La mobilité est un système complexe qui s’inscrit dans une logique territoriale. Se déplacer dans un centre urbain dense, où la demande de mobilité est servie par une offre pléthorique, qui va de la marche à pied, gratuite, aux VTC onéreux, en passant par un transport en commun dont l’usager ne paye souvent qu’une faible part, n’a rien à voir avec un déplacement en grande périphérie d’une ville ou en zone rurale où la voiture est généralement l’unique option. Puisque les enjeux de la mobilité sont clairement spatialisés, il faut également adopter une approche spatiale, territoire par territoire, lorsque sont posées les questions de son financement. La France l’a appris à ses dépens : adopter des mesures tous azimuts, descendantes et uniformes, comme une taxe carbone qui frappe y compris des mobilités rurales ou périphériques pour lesquelles n’existe aucune alternative à l’automobile, sans que les usagers reçoivent en retour un bénéfice de cette taxe, ne peut plus être envisagé. Quand l’objectif de financement de la mobilité se double de la nécessité d’envoyer un signal-prix afin de modifier la demande, il importe en effet que les usagers perçoivent un lien direct entre l’augmentation des coûts liés à leurs déplacements et la contrepartie qu’ils en retirent sur le territoire dans lequel ils déploient quotidiennement leur programme d’activités.
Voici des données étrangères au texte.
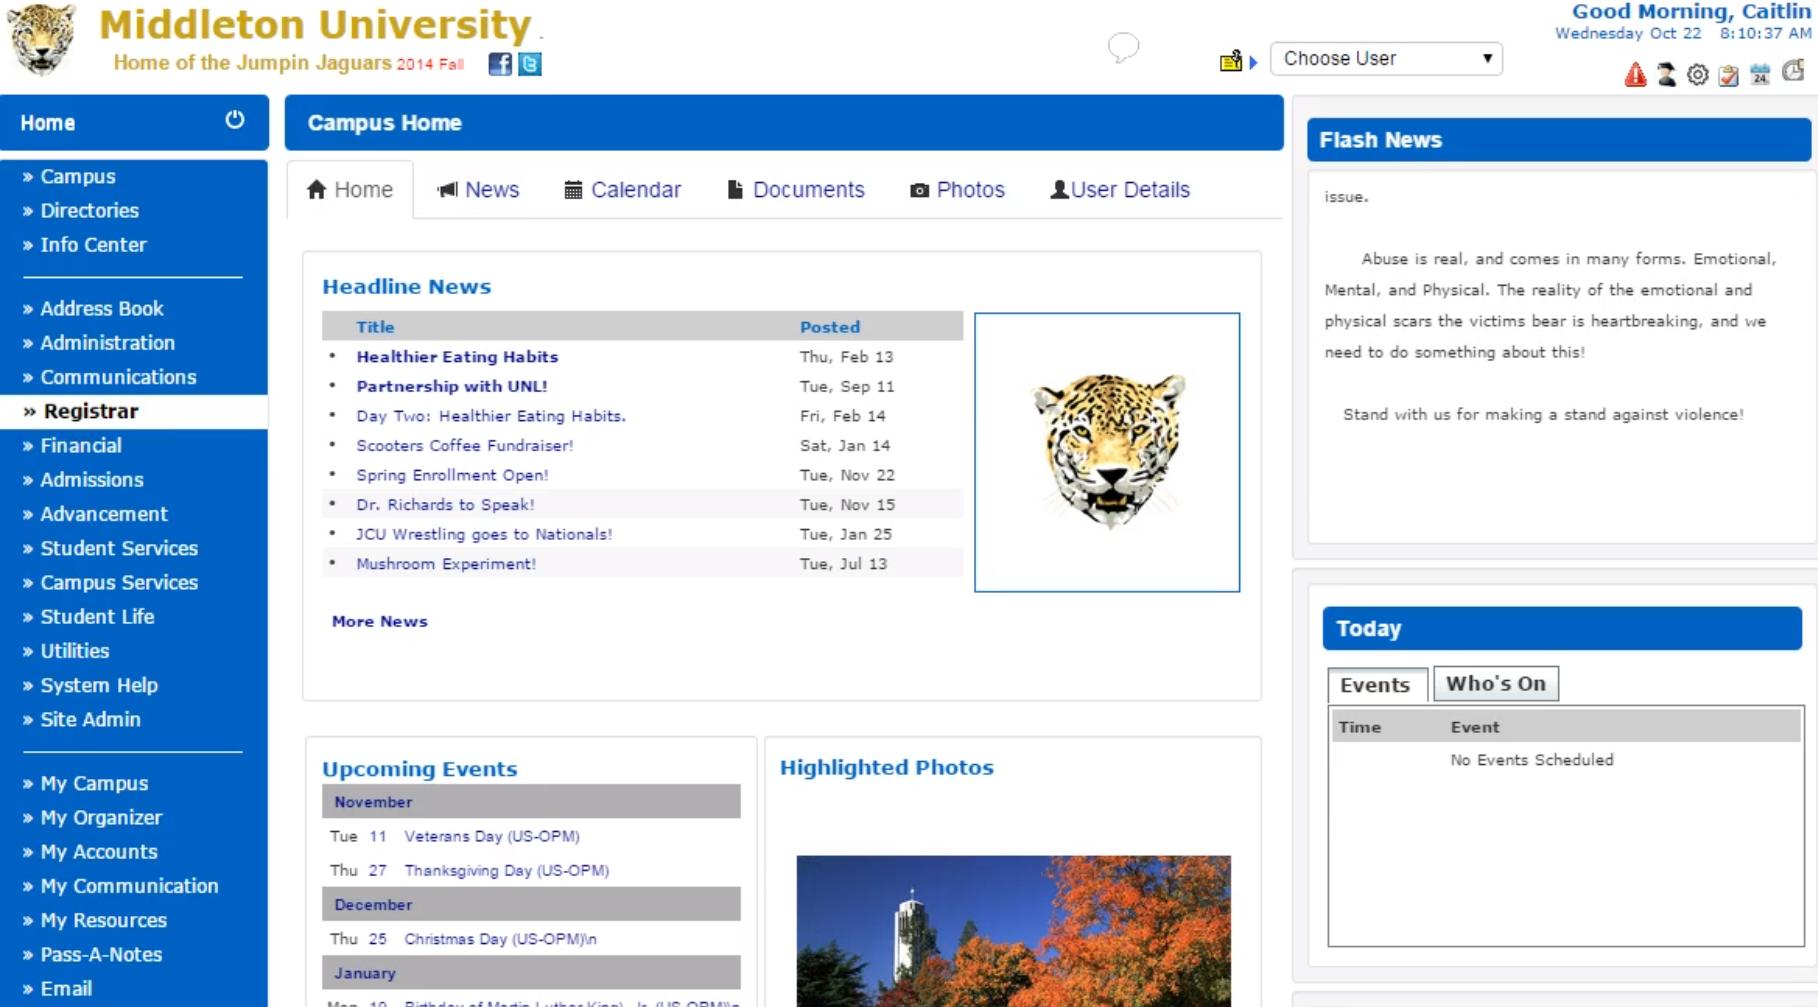 Sycamore Campus homepage

L’exemple récent de Cincinnati aux États-Unis est illustratif d’une approche qui combine efficacité et durabilité de la mesure du financement d’une part, changement d’échelle d’autre part. Une majorité de réseaux de transports publics aux États-Unis sont financés par des taxes sur la valeur ajoutée. Cincinnati a cependant choisi dans les années 1970 de financer son réseau par une taxation sur les revenus (county tax) à l’échelle de la ville. Désireuse de rejoindre le modèle dominant en asseyant le financement de sa mobilité collective sur la TVA, la ville ne s’est cependant pas contentée d’un changement de taxe, donc d’assiette fiscale mais a aussi fait évoluer son assiette territoriale. Ainsi, en juin 2020, les électeurs de Cincinnati ont approuvé l’augmentation de la TVA de 0,8 %, active en avril prochain, dont le produit sera affecté au financement du programme « Reinventing Metro » dont l’objectif est d’améliorer les transports collectifs en matière de fréquence, de fiabilité, d’augmentation des amplitudes horaires et d’amélioration des services rendus au client. Cette augmentation de taxe doit apporter 130 millions de dollars supplémentaires par an durant les vingt-cinq prochaines années. Dans un second temps, l’augmentation de la TVA sera suivie par une baisse de la taxe sur les revenus, ce qui, par la même occasion, permet de transférer le financement des transports de la municipalité au comté.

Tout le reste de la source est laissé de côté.